(Source records)

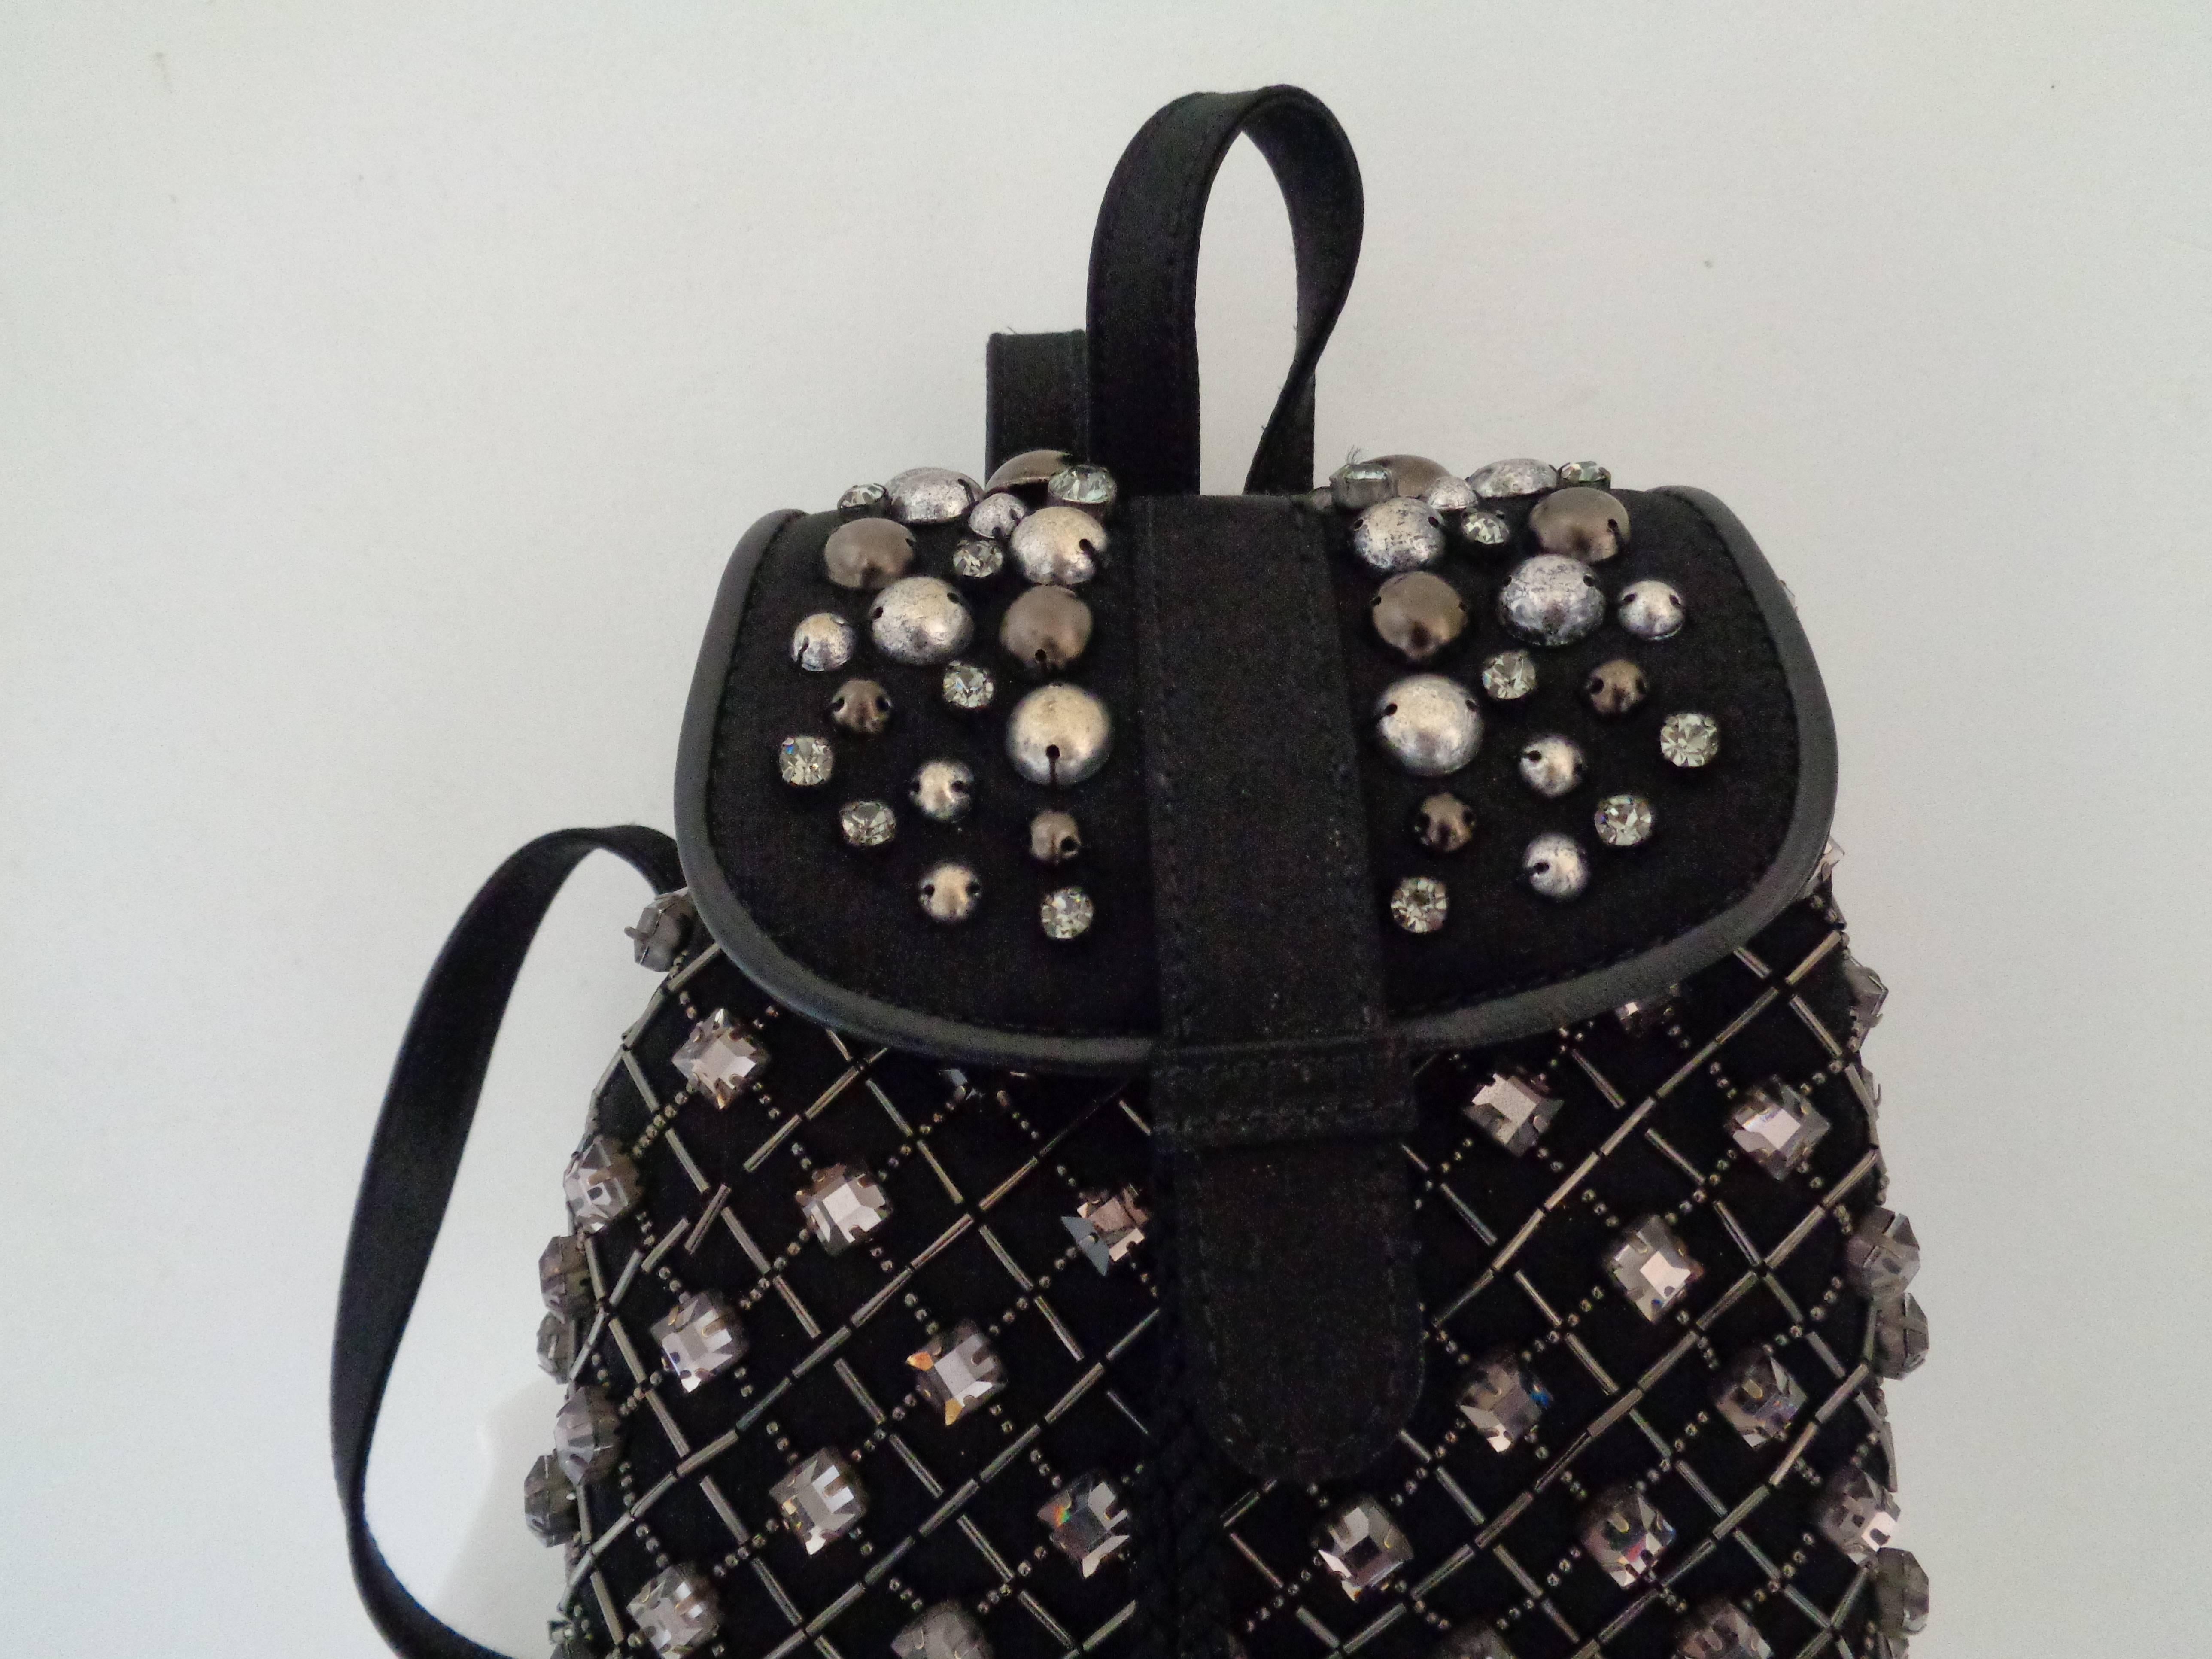 Alberta Ferretti Black with Swarovski Backpack NWOT

Geometric pattern jewel backpack

totally made in italy

Comes with dust bag

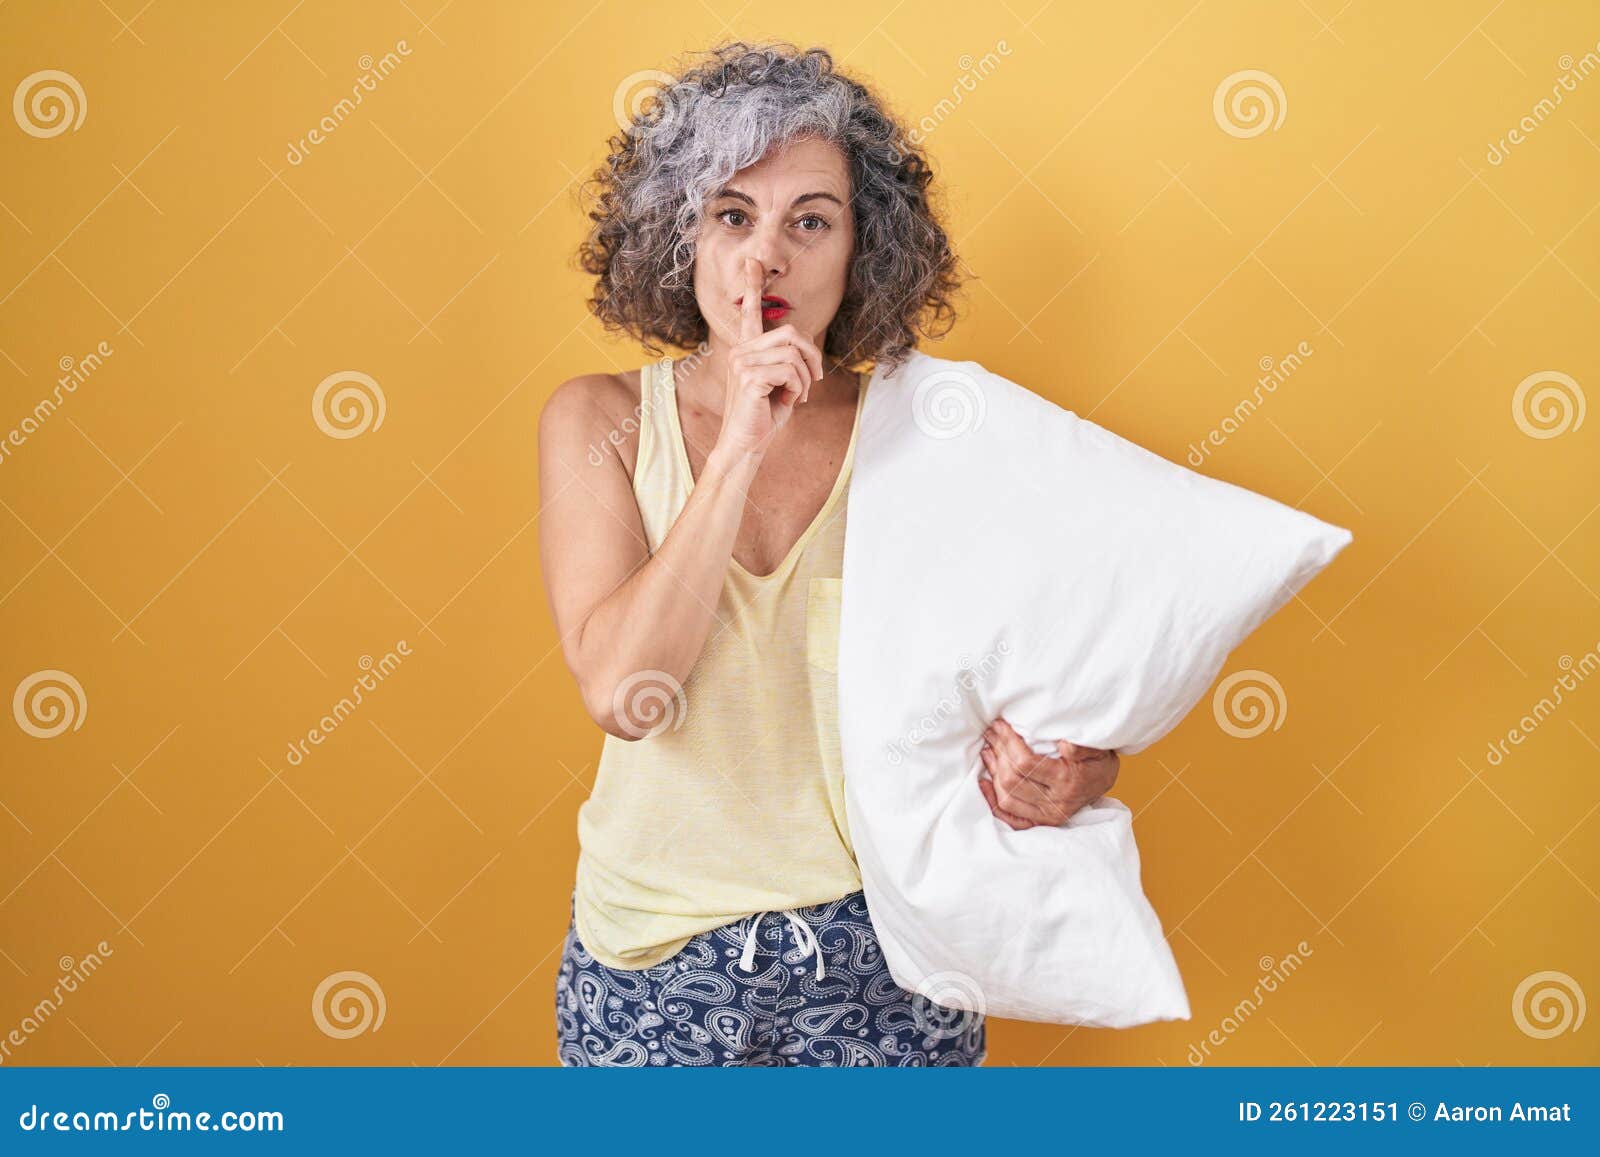 middle age woman with grey hair wearing pijama hugging pillow asking to be quiet with finger on lips

PROBLEM DETAILS: Locate the line containing "Comes with dust bag" in the records above, then output it and every line after it through the last, excluding pictures.

PROBLEM SOLUTION:
Comes with dust bag

 middle age woman with grey hair wearing pijama hugging pillow asking to be quiet with finger on lips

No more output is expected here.